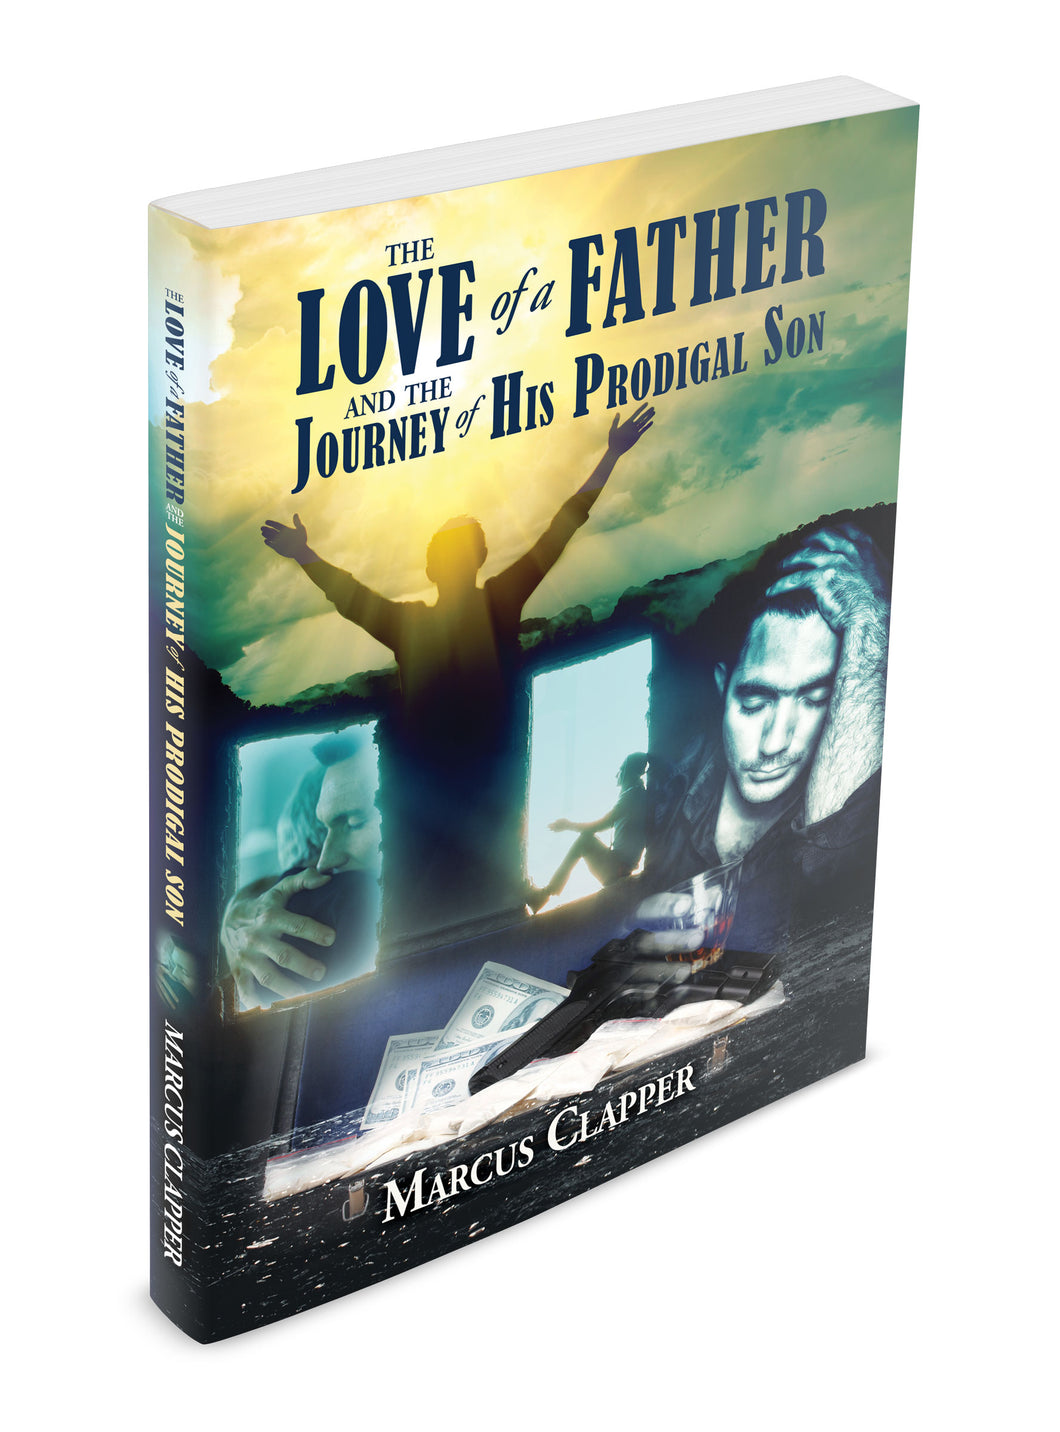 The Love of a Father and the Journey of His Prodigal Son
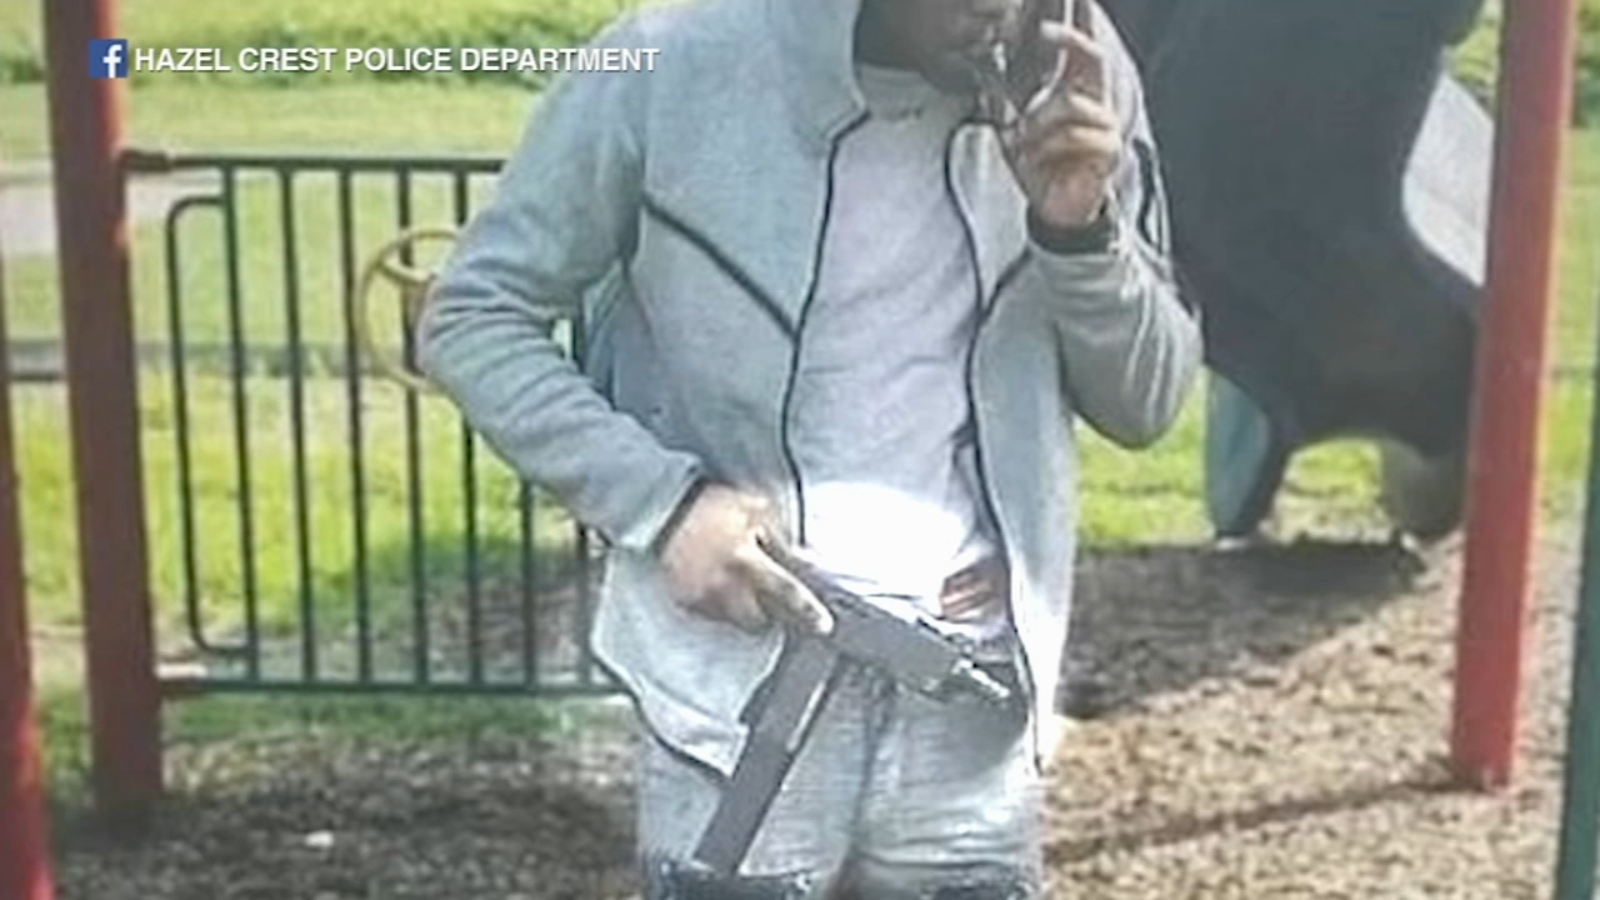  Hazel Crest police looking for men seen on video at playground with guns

-=-=-=-=-

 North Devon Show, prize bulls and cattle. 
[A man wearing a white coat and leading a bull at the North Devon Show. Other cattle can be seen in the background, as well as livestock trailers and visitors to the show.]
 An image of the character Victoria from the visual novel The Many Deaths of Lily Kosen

-=-=-=-=-

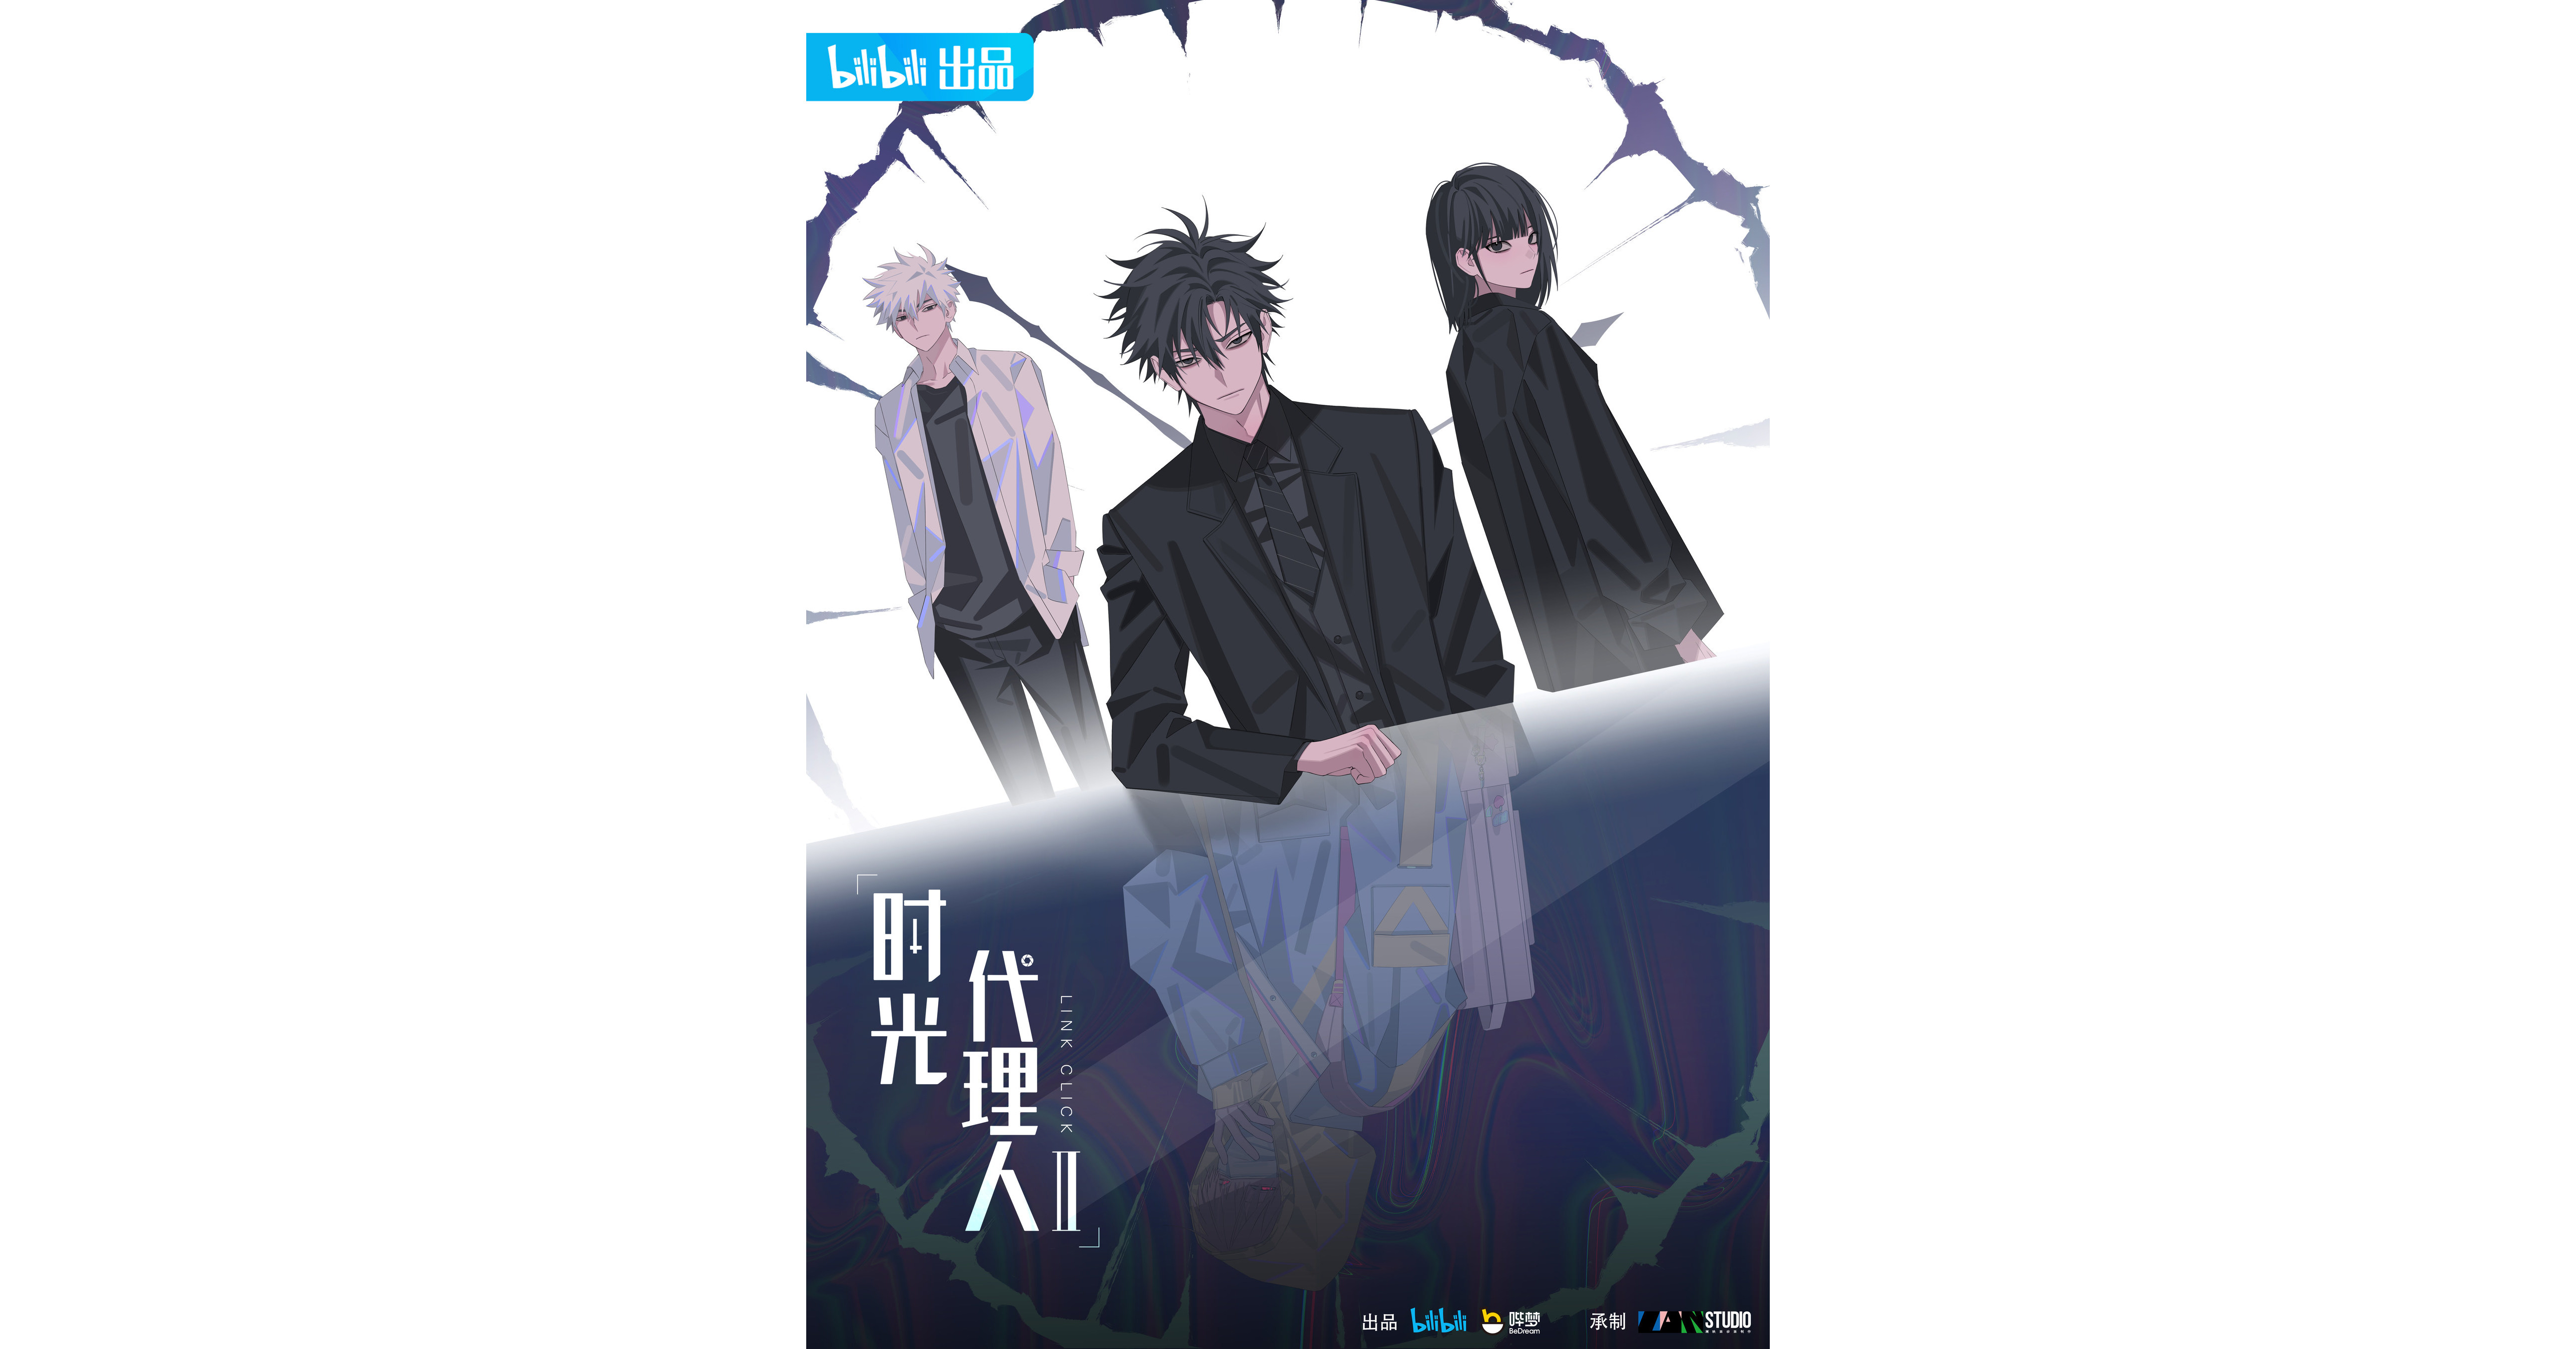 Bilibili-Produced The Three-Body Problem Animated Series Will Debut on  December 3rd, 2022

-=-=-=-=-

● **Your goal**:
Your answer should be the exact lines above from the one containing "The Love of" through the one containing "Hazel Crest police", with both end lines kept and the pictures removed, please.

● **Answer for the task**:
 The Love of a Father and the Journey of His Prodigal Son
  Hazel Crest police looking for men seen on video at playground with guns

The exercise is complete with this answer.